======== DATA PROVIDED

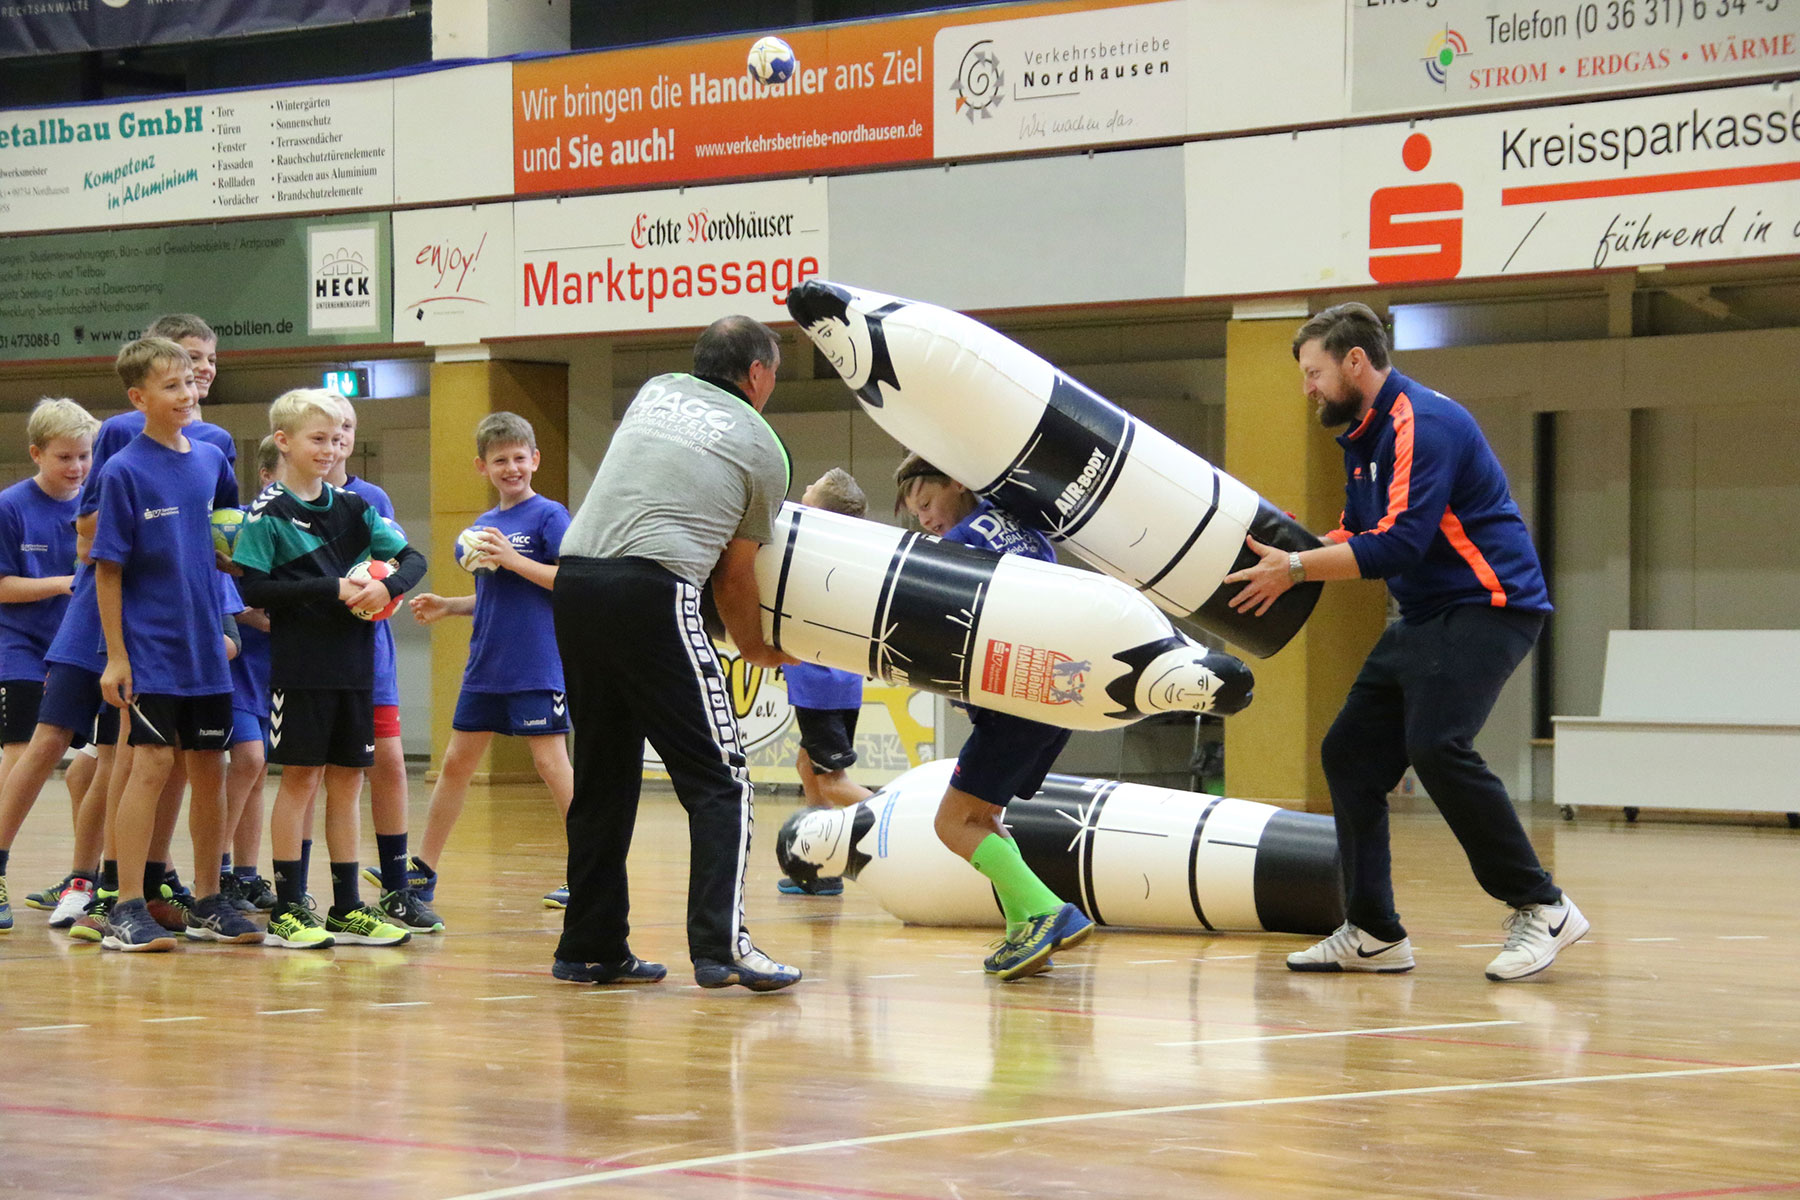 201809_Handballcamp_NDH (66)
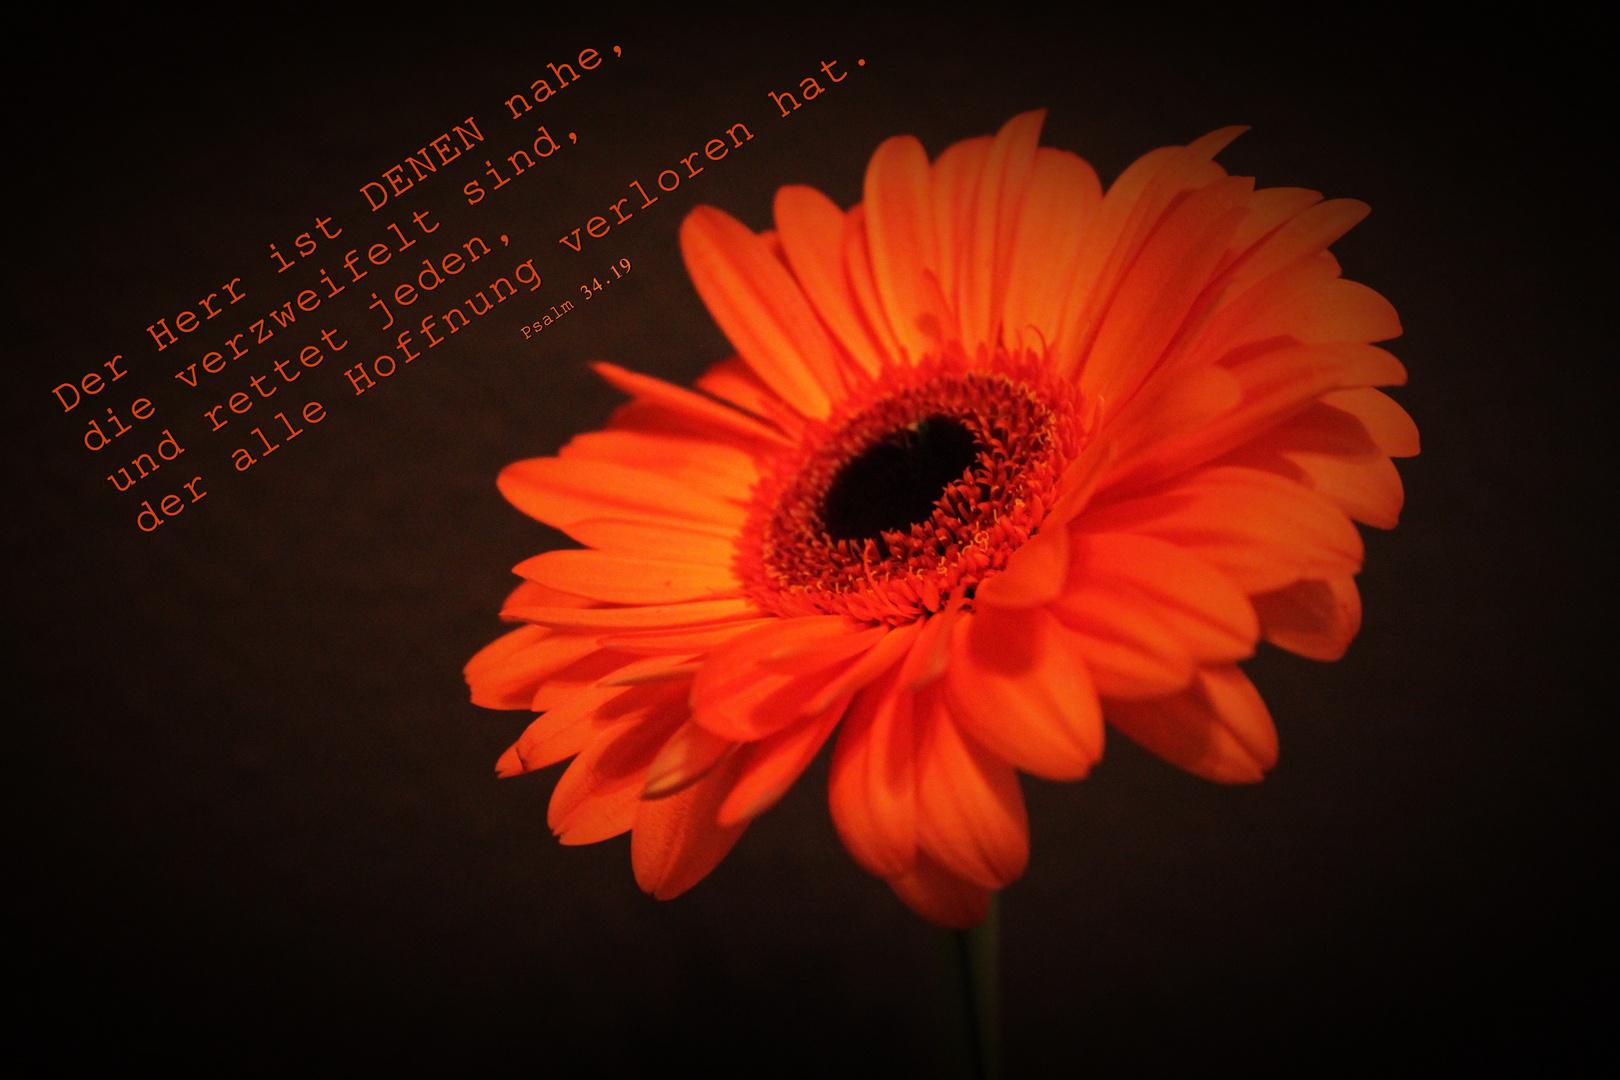 Psalm 34,19
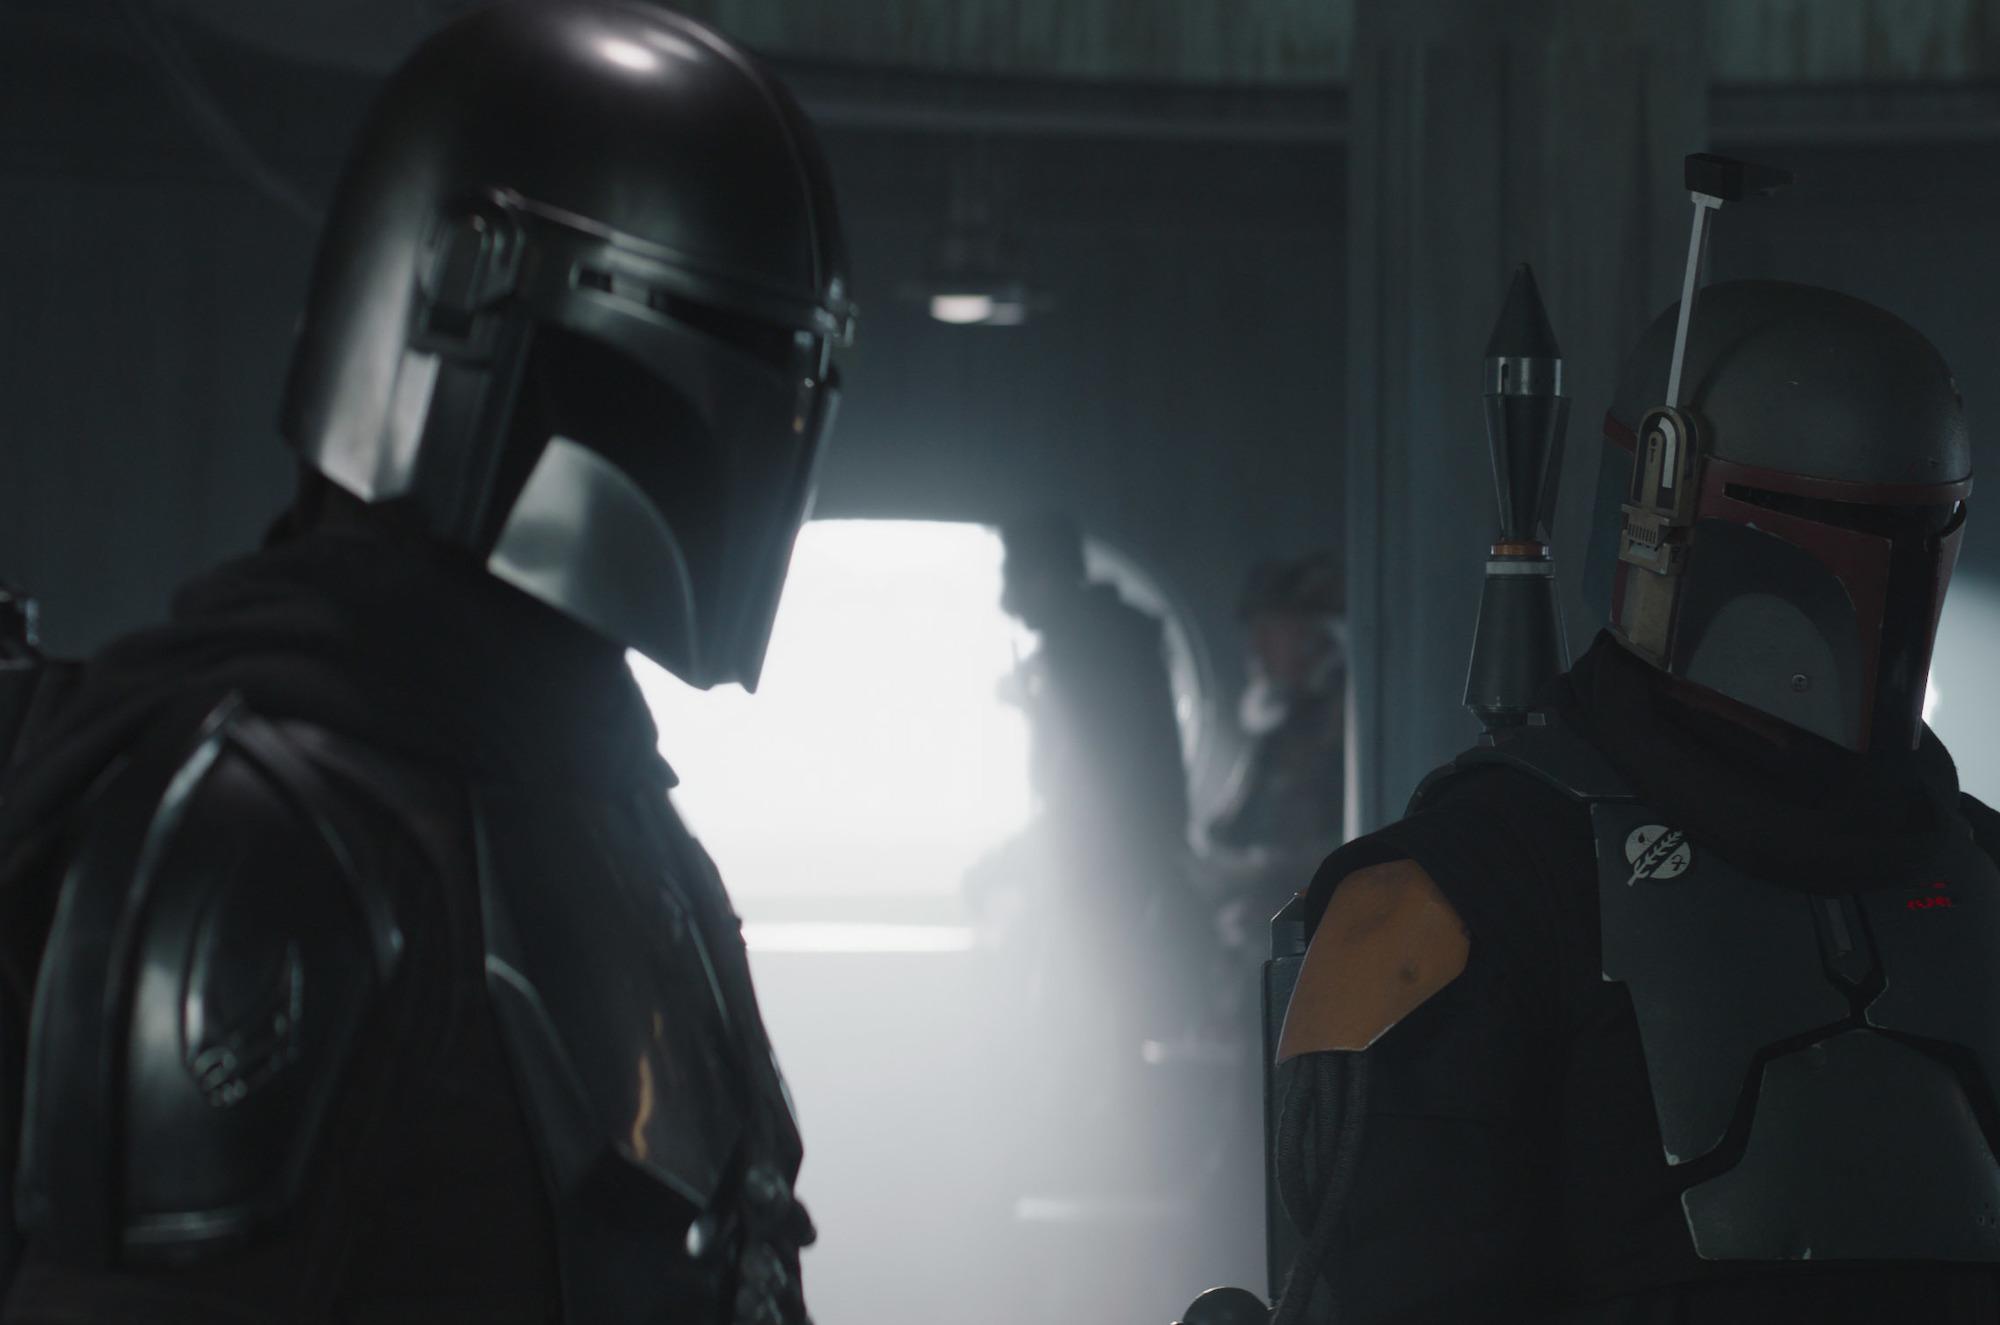 Mando and Boba Fett in 'The Mandalorian' Season 2 finale.

================

## WHAT TO DO
Return the listing above in full and unaltered. Keep the pictures out.

## WORKED SOLUTION
 201809_Handballcamp_NDH (66)
 Psalm 34,19
 Mando and Boba Fett in 'The Mandalorian' Season 2 finale.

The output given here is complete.